There are different types of parenting profiles that often benefit from parent coaching.  These are some common profiles that seek services:

Special Needs Parenting

Do you have a child with invisible special needs that make it hard for anyone to understand your journey?  Often parents with kids who have non-visibly identified special needs children struggle finding compassion and understanding.  Some types of invisible special needs are a history of trauma, inattentiveness, learning issues, impulsivity, behavioral issues, aggression, addiction, emotional volatility, attachment issues, and many other things.  

Parenting Children with a History of Interrupted Attachment

These parents are dealing with issues they did not create, but they are now responsible to respond to these issues in a way that creates healing and learning.  These parents must keep reaching for their children when their children can’t reach back.  Some of these kids present perfectly in public and fall apart at home which makes parents feel a little crazy.  The challenges in this type of parenting are figuring out what is impairment and what is intent.  Another challenge is to find external support because the typical reciprocity of parenting is often missing in this dynamic.  

Parenting That Has Lost Its Joy

Some parents come to me and say they are just so sick of hearing themselves nag their kids. If parents find themselves talking all the time and find that their kids don’t listen, then it’s time to implement new parenting techniques.  These parent-child relationships have lost their joy.  

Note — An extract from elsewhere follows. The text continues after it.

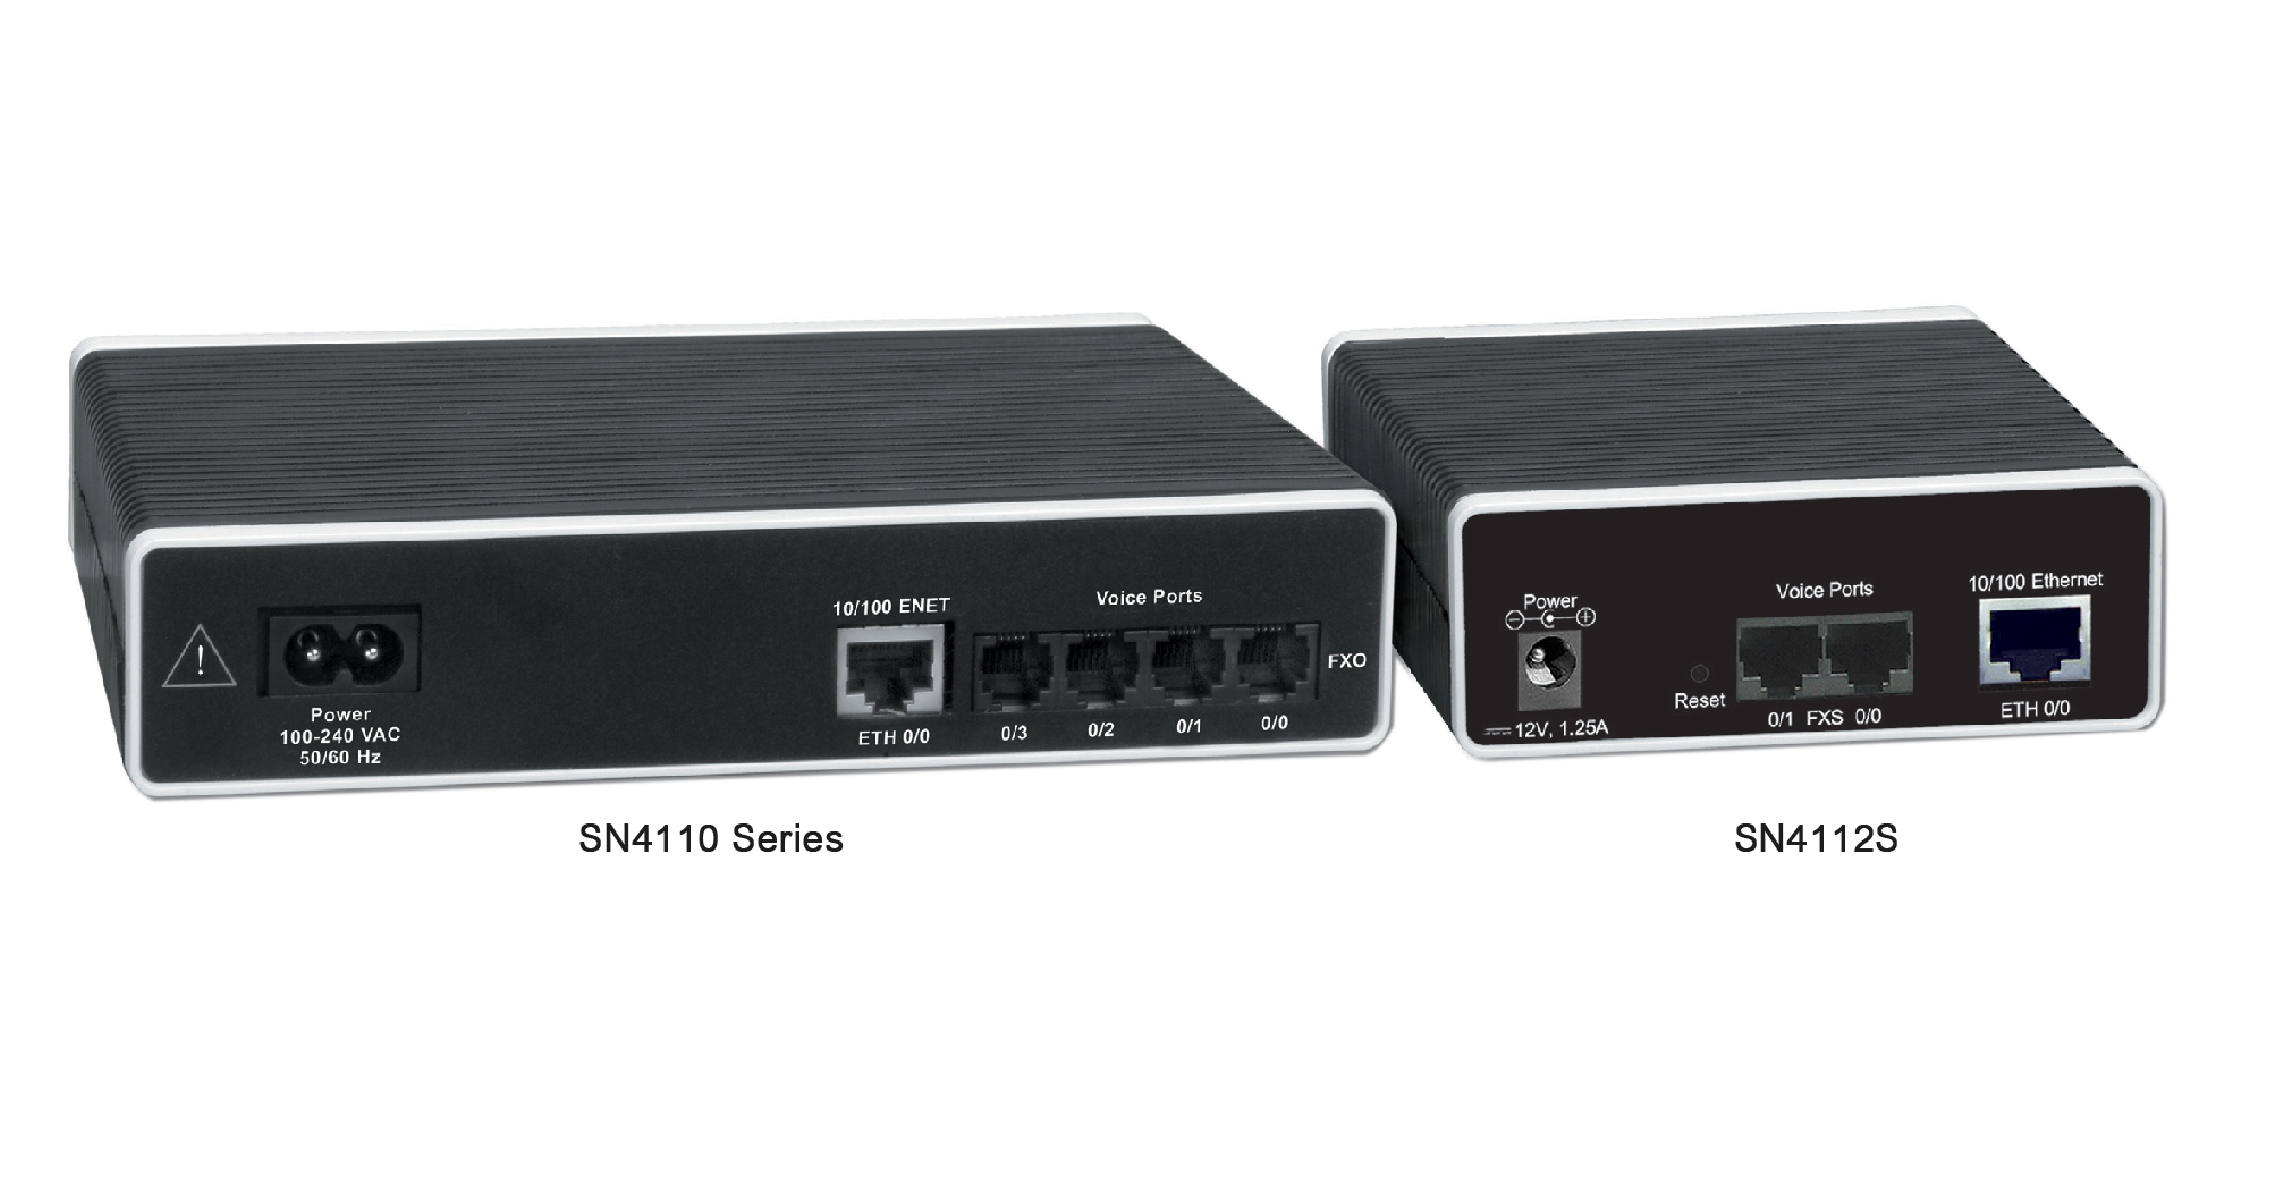 SN4110 Multi-Port FXS/FXO VoIP Gateways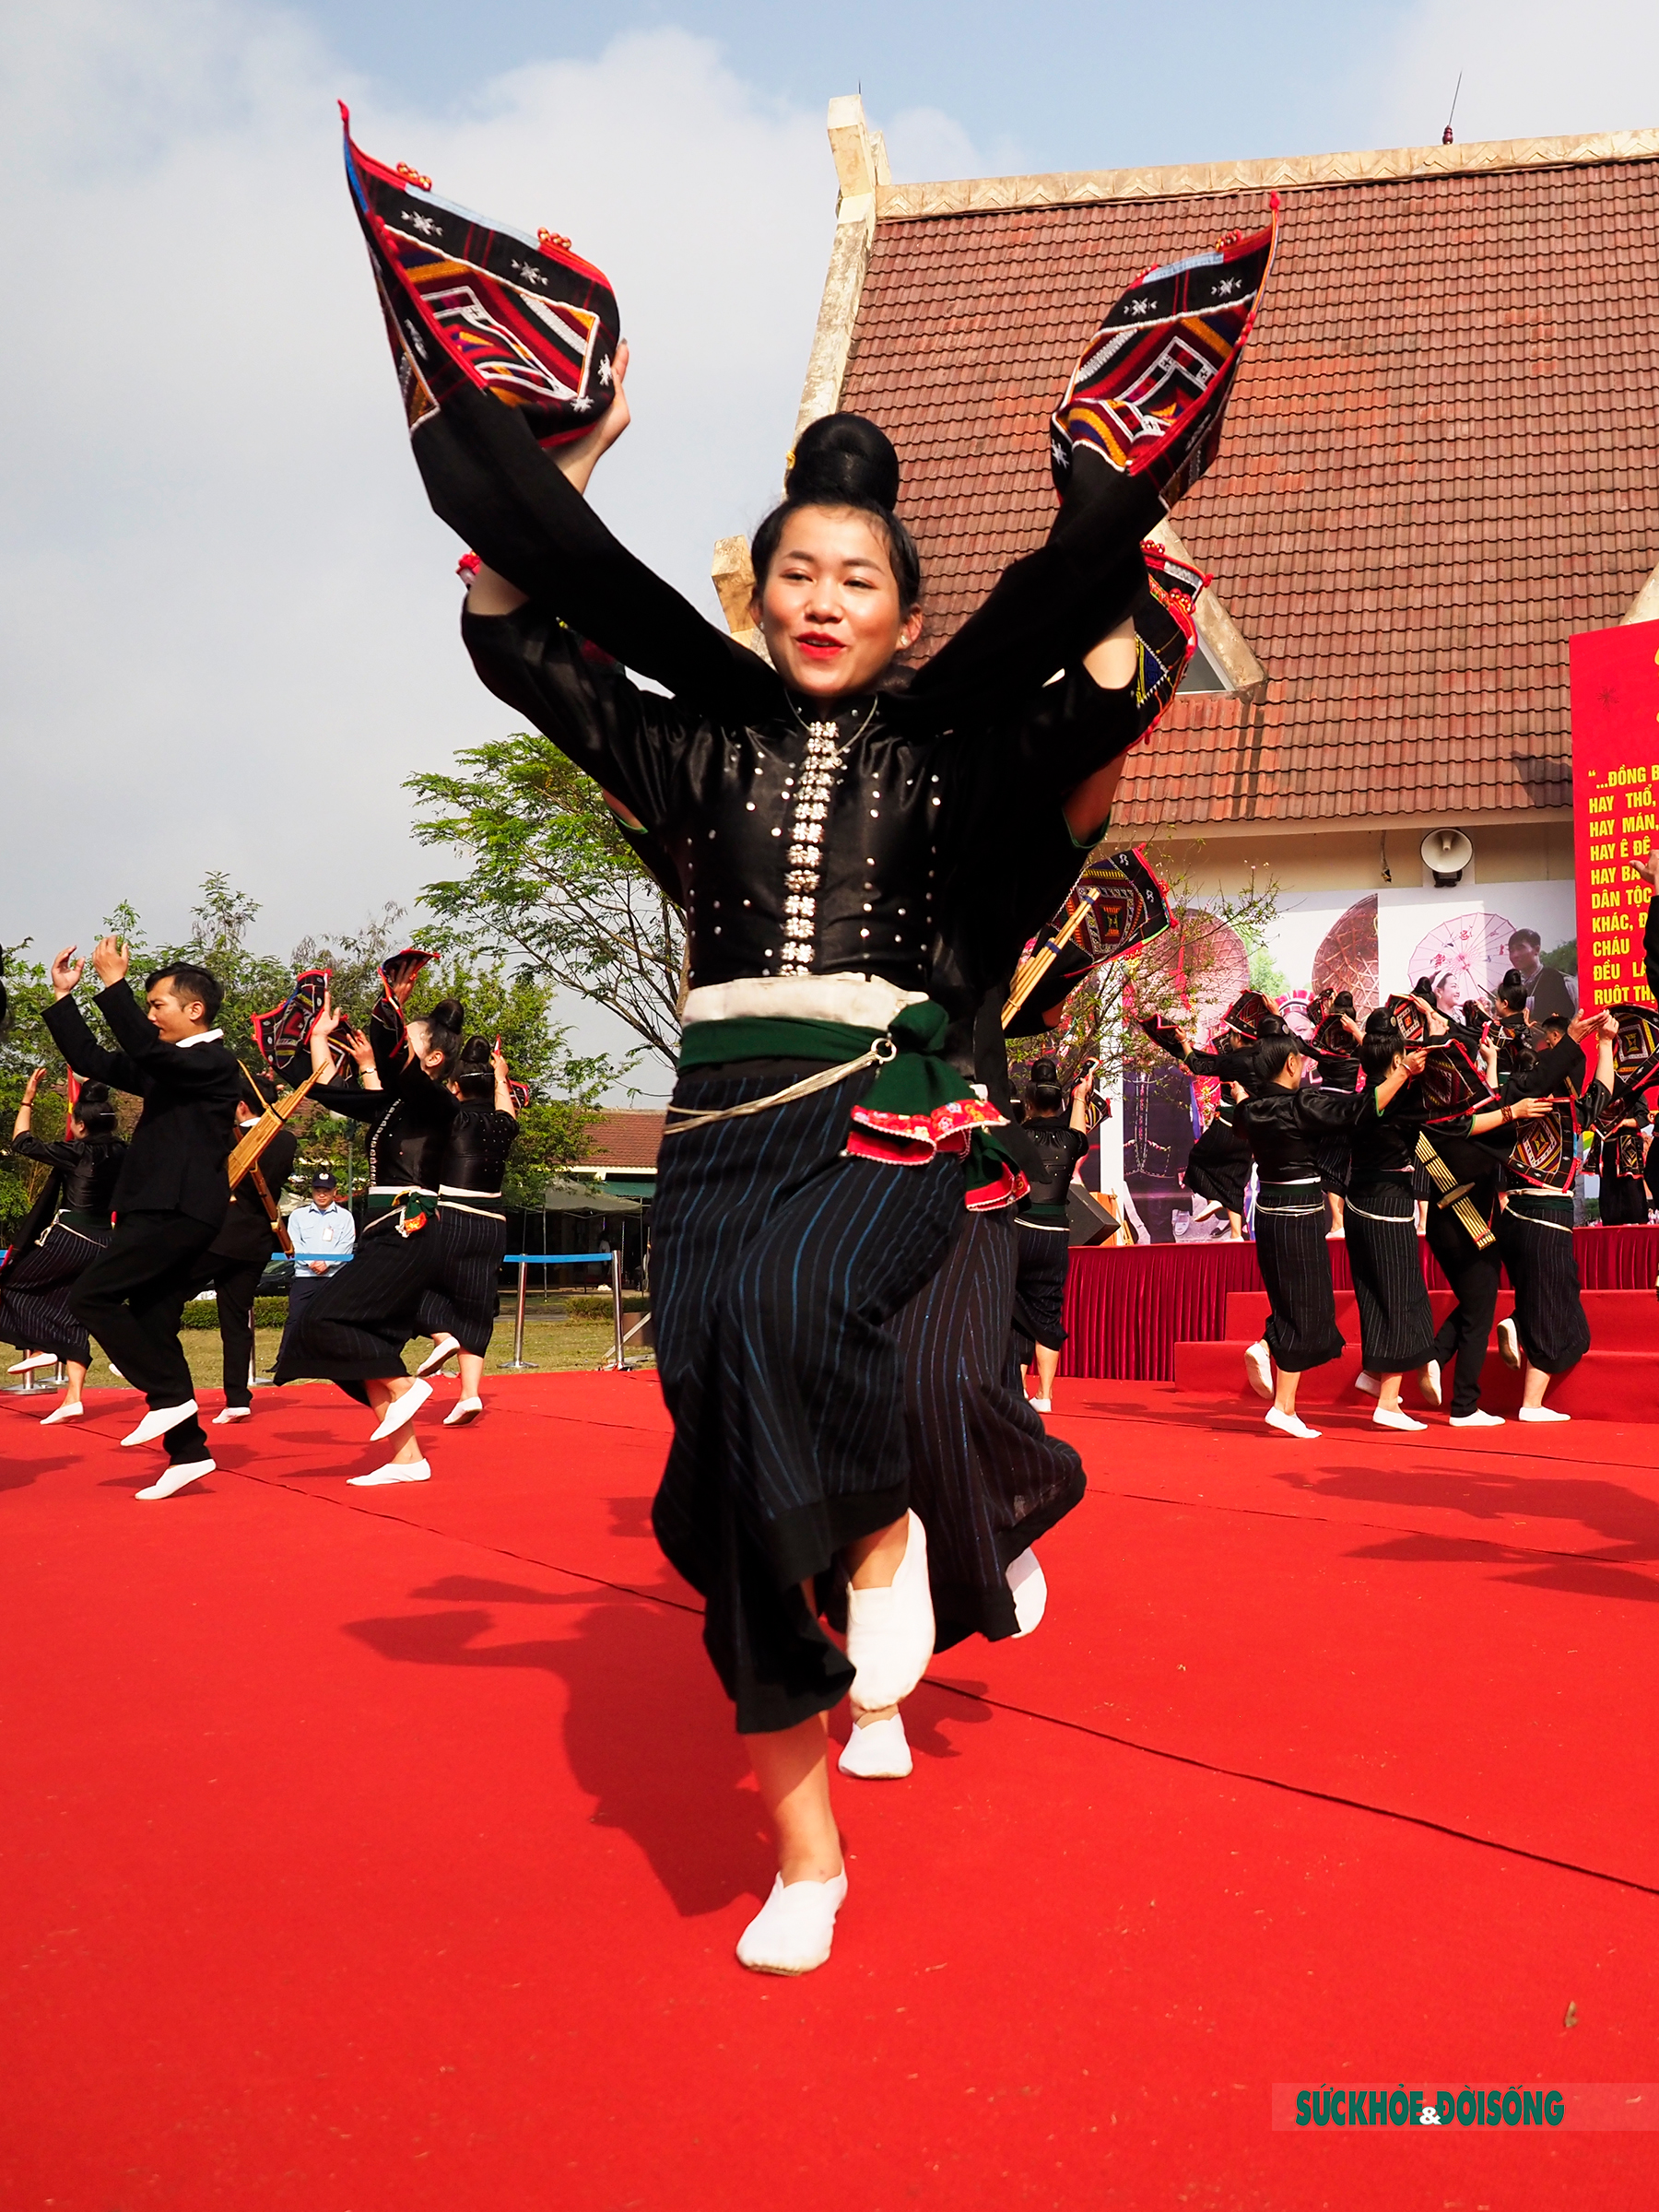 Mê mẩn điệu múa xòe Thái của các cô gái đến từ tỉnh Sơn La - Ảnh 4.

Parenting into Better Boundaries

You as a parent are a person too.  You are important, and sometimes your needs will exceed your children’s needs.  As kids get into their teen and young adult years, the contract of how things used to be needs to shift into a new, more mature relationship.  Anytime you change things up like this, you experience big resistance from older kids.  Healthy relationships don’t stay the same year after year.  Healthy relationships change, adjust, establish, and re-establish boundaries, all while trying to maintain relational connection.  Your kids want a relationship with you.  Establishing boundaries creates initial conflict but leads into greater respect and intimacy.